Even with the recent flurry of signings and extensions, the Milwaukee Brewers current salary commitments for 2018 are just under $37 million. Keep in mind they still have to offer contracts to their players under team control. However, even with those players signed for next year, their payroll is already lower than the $60.8 million they spent last year. That leaves about $20 million for GM David Stearns to work with, and that’s not including the expected increase in spending. The Milwaukee Brewers could look to spend as much as $30 million in the next few weeks.

Where are the Brewers current commitments?

Ryan Braun is owed $20 million for 2018, and that’s by far the Milwaukee Brewers largest commitment. Braun could draw interest on the trade market, but he’s only willing to waive his no-trade clause for one team. Unless the Los Angeles Dodgers show up with a deal the Brewers can’t refuse, Braun will play out his contract.

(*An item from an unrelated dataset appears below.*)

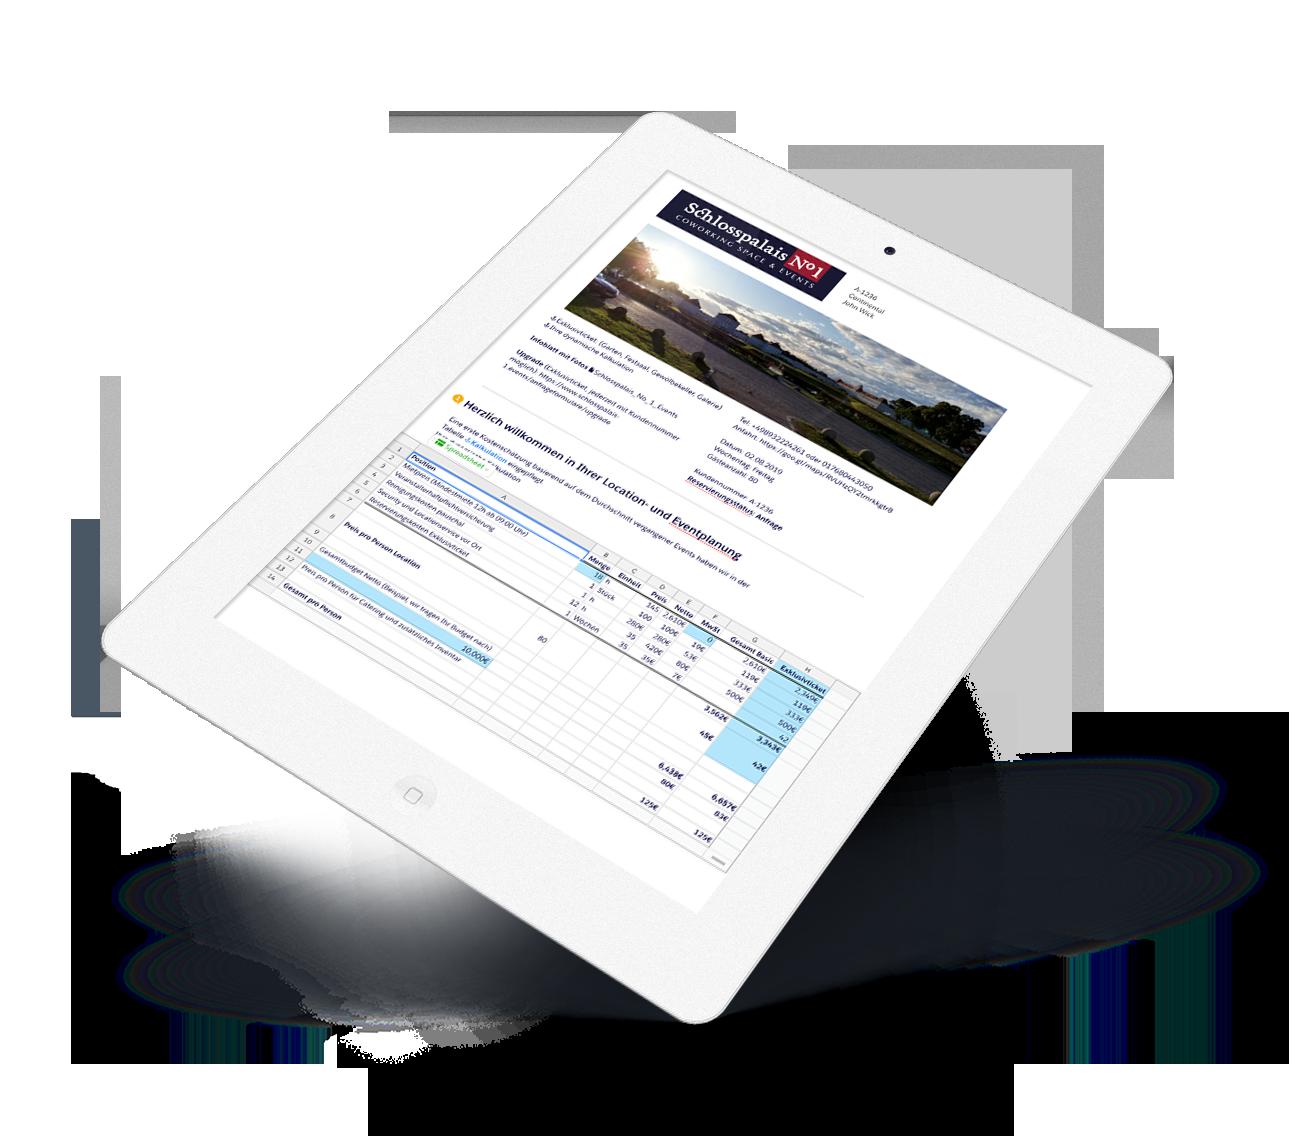 Exklusive-Eventlocation-App-Kostenübersicht

After Braun, Eric Thames is owed $5 million and Chase Anderson‘s newly minted extension pays hi $4.75 million next year. Stephen Vogt will earn just over $3 million, and Eric Sogard is on a one-year deal worth $2.4 million.

Jeremy Jeffress is the only commitment in the bullpen, and he’s only due $1.75 million next year. Closer Corey Knebel is in his first year of arbitration. He’s due a hefty raise over the $538,000 he earned last year.

Where could the Brewers add salary?

The lack of commitments to the bullpen and the need for a top-flight starting pitcher need attention this off season. A solid starting pitcher will cost at least $15 million per year, if not more. The Milwaukee Brewers probably won’t chase Yu Darvish, but Lance Lynn or Jake Arrieta are realistic possibilities.

As for the bullpen, the Milwaukee Brewers currently lack a bridge to closer Corey Knebel. Finding at least two capable arms to pair with Jeffress and Josh Hader is an absolute must. There are a ton of options available on the market right now. The Brewers won’t look at the high-end closers like Wade Davis and Greg Holland. A reunion with Anthony Swarzak or bringing in Bryan Shaw could already be in the works.

Next: Is Bruce Rondon a bullpen option?

There are several quality relievers on the market. Stearns can either make a splash and get in early on the bidding, or slow play the market and see who’s available at a discount later on. It makes sense to let the market dictate urgency. There’s no hurry now, but that could change in 48 hours.